Policymaking always utilises a broad brush with which to redraw the lives of individuals. However, though broad, with the right evidence this brush can be narrowed by taking account of the heterogeneity of human behaviour.
Just consider the many and varied schemes designed to support entrepreneurs. Putting aside the debate over whether or not this is the best use of tax revenues, nobody could deny that if we are to spend money on promoting entrepreneurs we should do so in most efficient way.
In “Entrepreneurship Training, Risk Aversion and Other Personality Traits: Evidence from a Random Experiment”, Robert W. Fairlie and William Holleran from the University of California draw on data from Growing America through Entrepreneurship (Project GATE), the largest randomised control experiment on providing entrepreneurship training ever conducted in the United States. Fairlie and Holleran find that:
[I]ndividuals who are more risk tolerant benefit more from entrepreneurship training than buy canadian ativan individuals who are less risk tolerant. The estimated interaction effects are large: averaging our estimates across the three waves implies that individuals who have a one standard deviation higher level of risk tolerance experience a 2.9 percentage point larger increase in business ownership and a 3.7 percentage point larger increase in the likelihood of starting a business from receiving the treatment than individuals with the lower level of risk tolerance.

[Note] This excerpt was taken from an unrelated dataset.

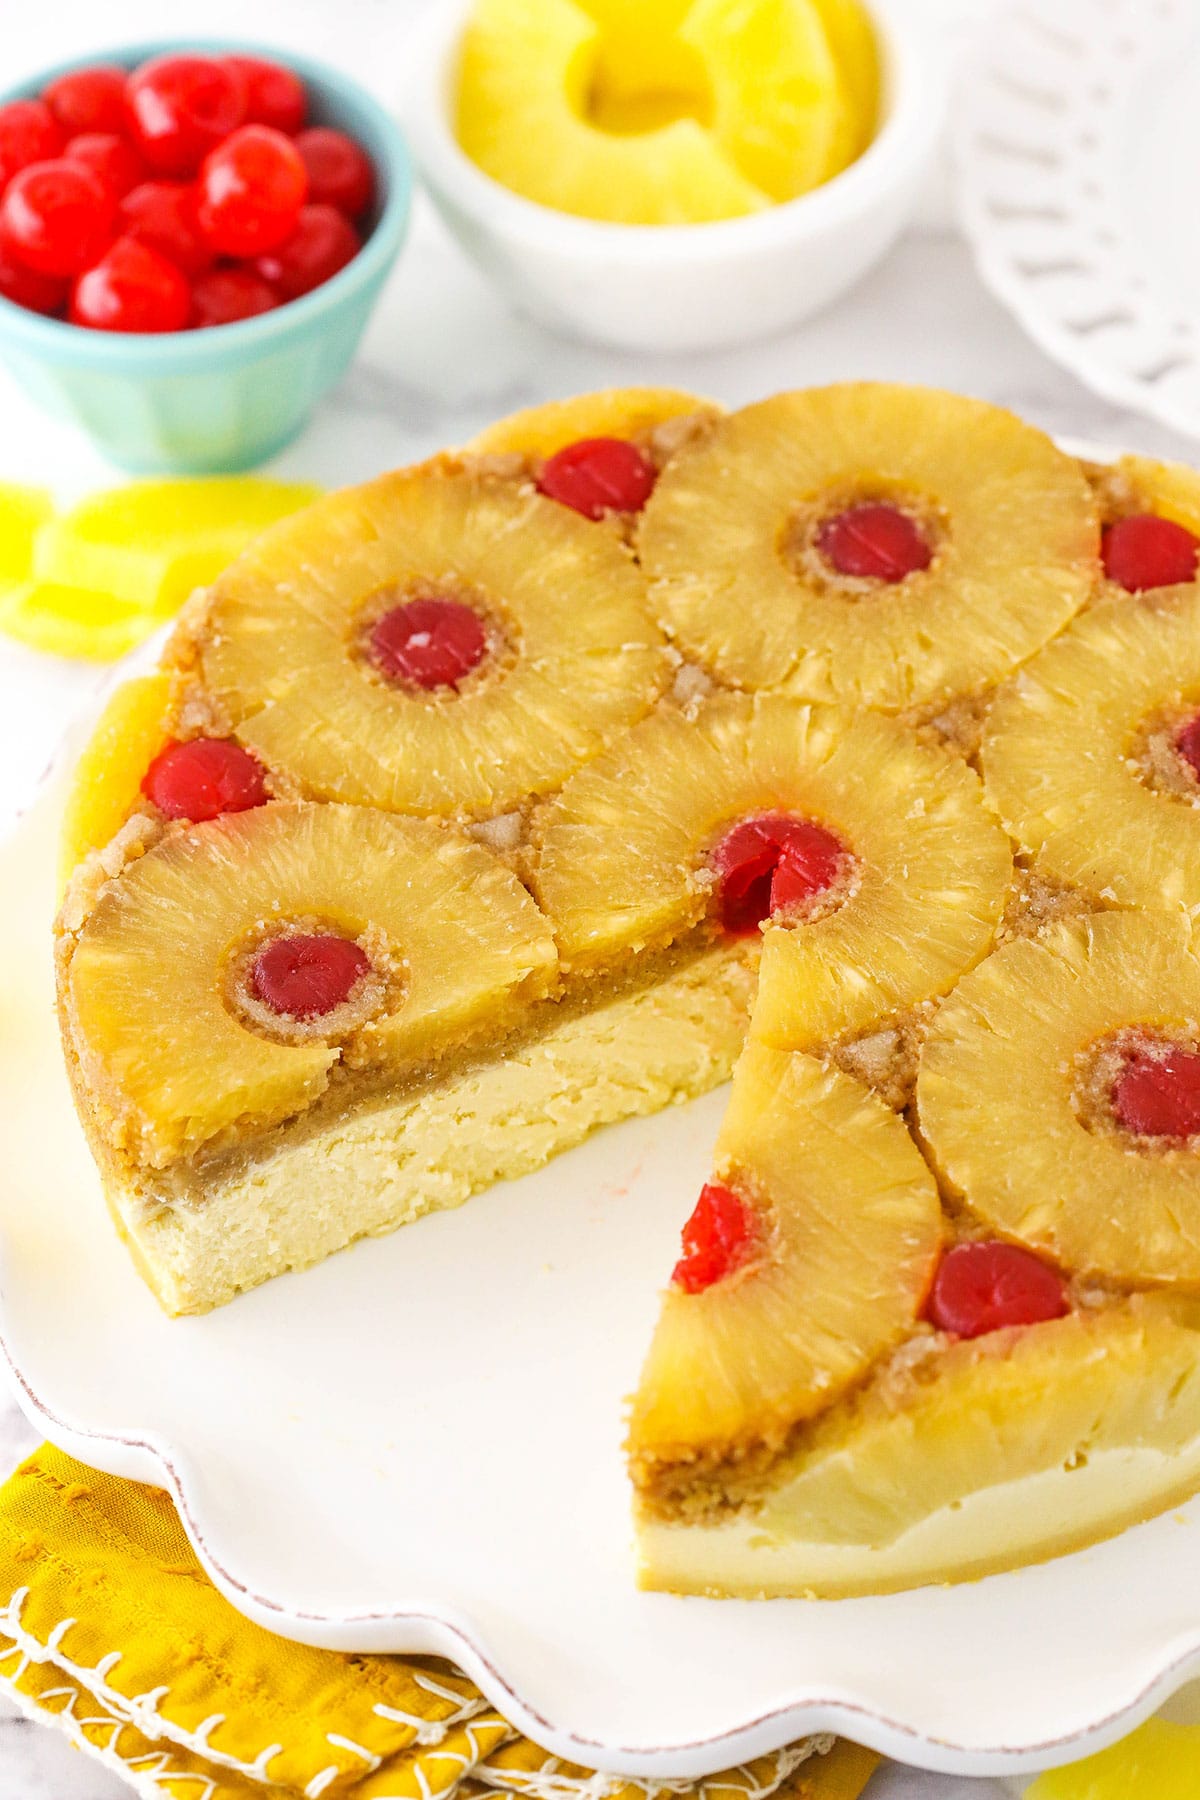 A cheesecake with one slice cut out. Pineapple and cherries are on the table near the cake.

This is a useful insight and suggests that we should consider identifying specific groups that may benefit more or less from government programmes to help people start a business. There can be no sure-fire way for spotting the next Zuckerberg, but we can increase the odds. Interestingly, Fairlie and Holleran also find “no evidence that individuals who are more innovative benefit more from entrepreneurship training than individuals who are less innovative.”
As the paper states: “some of the most disadvantaged groups such as at-risk youth and individuals with a criminal background have high levels of risk tolerance, and thus might benefit more for entrepreneurship training than more traditional job training programs.” There might be something in this: John Timpson has found ex-offenders fit in well with his unique entrepreneurial, bottom-up model for running his high street retailer.
As things stand in the UK, we have a remarkably limited understanding whether the schemes used to support entrepreneurship are doing any good. According to Gov.uk, business owners have 278 schemes to choose from. With proper analysis it might turn out that this is the correct number and they are being targeted at exactly the right group in the most efficient way. But I doubt it.